Originally published on July 21, 2019.
This essay discusses prewar Japanese understanding of China and the Korean Peninsula, American wartime propaganda, the Tokyo Trial, the postwar Constitution, and the influence of the Asahi Shimbun, NHK, and so-called cultural figures.
It criticizes Japanese media and pseudo-moralism for contributing to the process by which China and the Korean Peninsula extracted compensation and aid money from Japan, arguing that they helped create today’s dangerous and unstable world.

2019-07-21
By manifesting precisely “bottomless evil” and “plausible lies,” they extracted from Japan the largest amount of money in human history under the names of compensation and aid.
Those who have continued to make the greatest contribution to this are the Asahi Shimbun and others, as well as NHK.
When one thinks about it, until before the war, the Japanese people had correct knowledge and understanding of China and the Korean Peninsula.
China and the Korean Peninsula took advantage of the complete ignorance of Japan and wartime propaganda of the United States at the time, a country whose history did not even amount to three hundred years, as well as the Tokyo Trial and the Constitution given by the United States in order to Carthaginianize Japan.
By manifesting precisely “bottomless evil” and “plausible lies,” they extracted from Japan the largest amount of money in human history under the names of compensation and aid.
Those who have continued to make the greatest contribution to this are the Asahi Shimbun and others, NHK, and the so-called cultural figures who have gone along with them.
It goes without saying that the representative figures among them are Oe Kenzaburo and Murakami Haruki.
Self-serving pseudo-moralism has created today’s extremely dangerous and unstable world.
The Communist Party’s one-party dictatorship state and the Korean Peninsula use this to divide and weaken public opinion in democratic nations.
The grim incidents that occur one after another—those are probably not the deeds of genuine Japanese people.
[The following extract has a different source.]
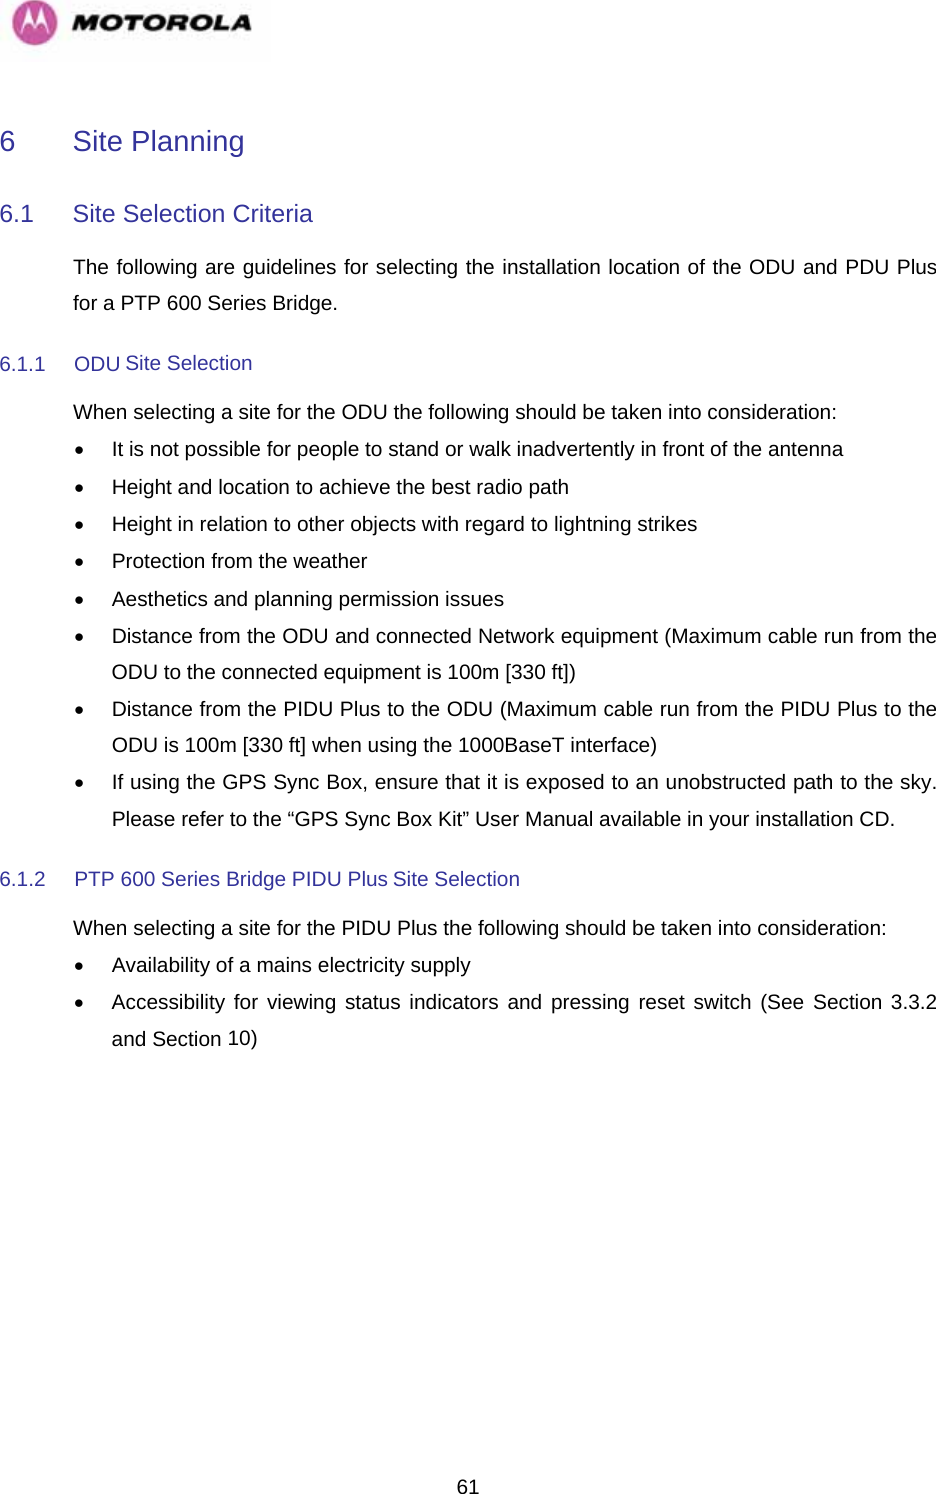   616  Site Planning  6.1  Site Selection Criteria  The following are guidelines for selecting the installation location of the ODU and PDU Plus for a PTP 600 Series Bridge.  6.1.1 ODU Site Selection  When selecting a site for the ODU the following should be taken into consideration:  •  It is not possible for people to stand or walk inadvertently in front of the antenna  •  Height and location to achieve the best radio path  •  Height in relation to other objects with regard to lightning strikes  •  Protection from the weather  •  Aesthetics and planning permission issues  •  Distance from the ODU and connected Network equipment (Maximum cable run from the ODU to the connected equipment is 100m [330 ft])  •  Distance from the PIDU Plus to the ODU (Maximum cable run from the PIDU Plus to the ODU is 100m [330 ft] when using the 1000BaseT interface)  •  If using the GPS Sync Box, ensure that it is exposed to an unobstructed path to the sky. Please refer to the “GPS Sync Box Kit” User Manual available in your installation CD. 6.1.2  PTP 600 Series Bridge PIDU Plus Site Selection  When selecting a site for the PIDU Plus the following should be taken into consideration:  •  Availability of a mains electricity supply  •  Accessibility for viewing status indicators and pressing reset switch (See Section 3.3.2 and Section 10)    
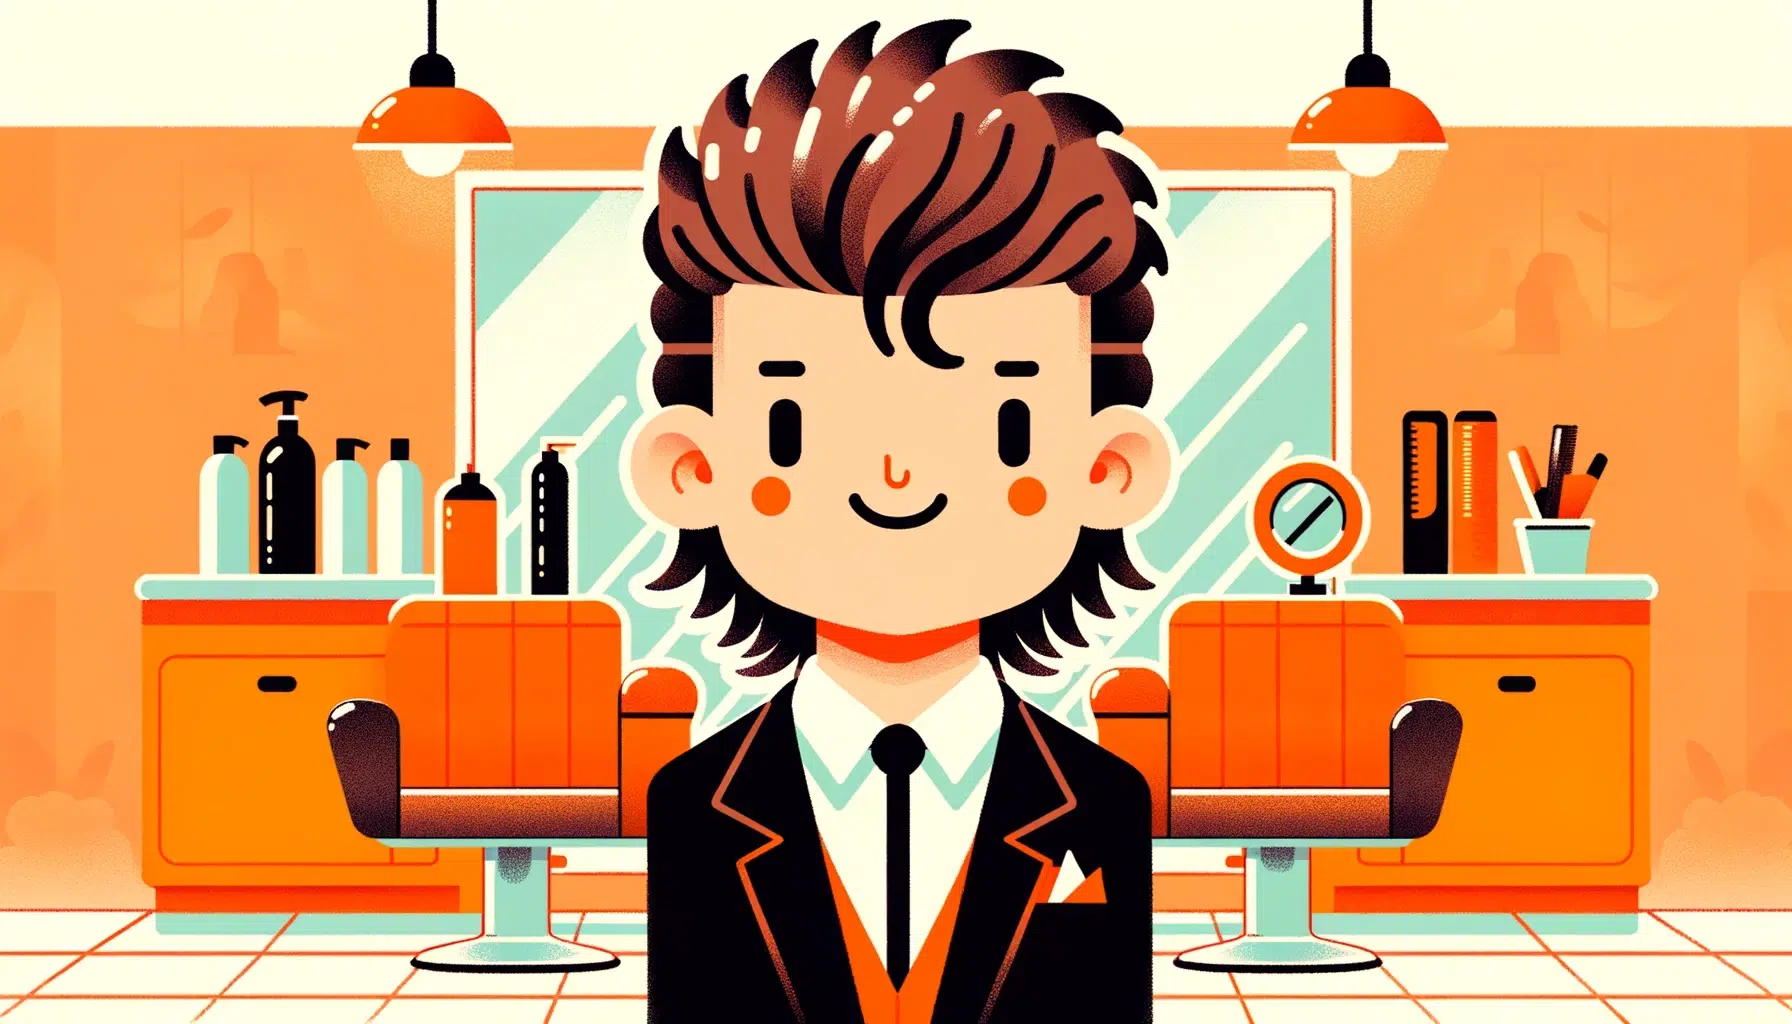 illustration of a stylized character with a short mullet haircut, standing inside a hair salon.

Just as they have continued to embolden China and the Korean Peninsula.
Oe, for example, denied Kawabata Yasunari’s “Japan, the Beautiful, and Myself,” and publicly declared, when receiving the Nobel Prize, that Japan was not beautiful.
While refusing the Order of Culture on the grounds that he would not receive a decoration from the Japanese government, he gladly accepted a decoration bestowed by a Nordic king.
Truly, this man is the lowest kind of low-life.
Even today’s Kyoto Animation incident was probably the act of a person whom they have emboldened.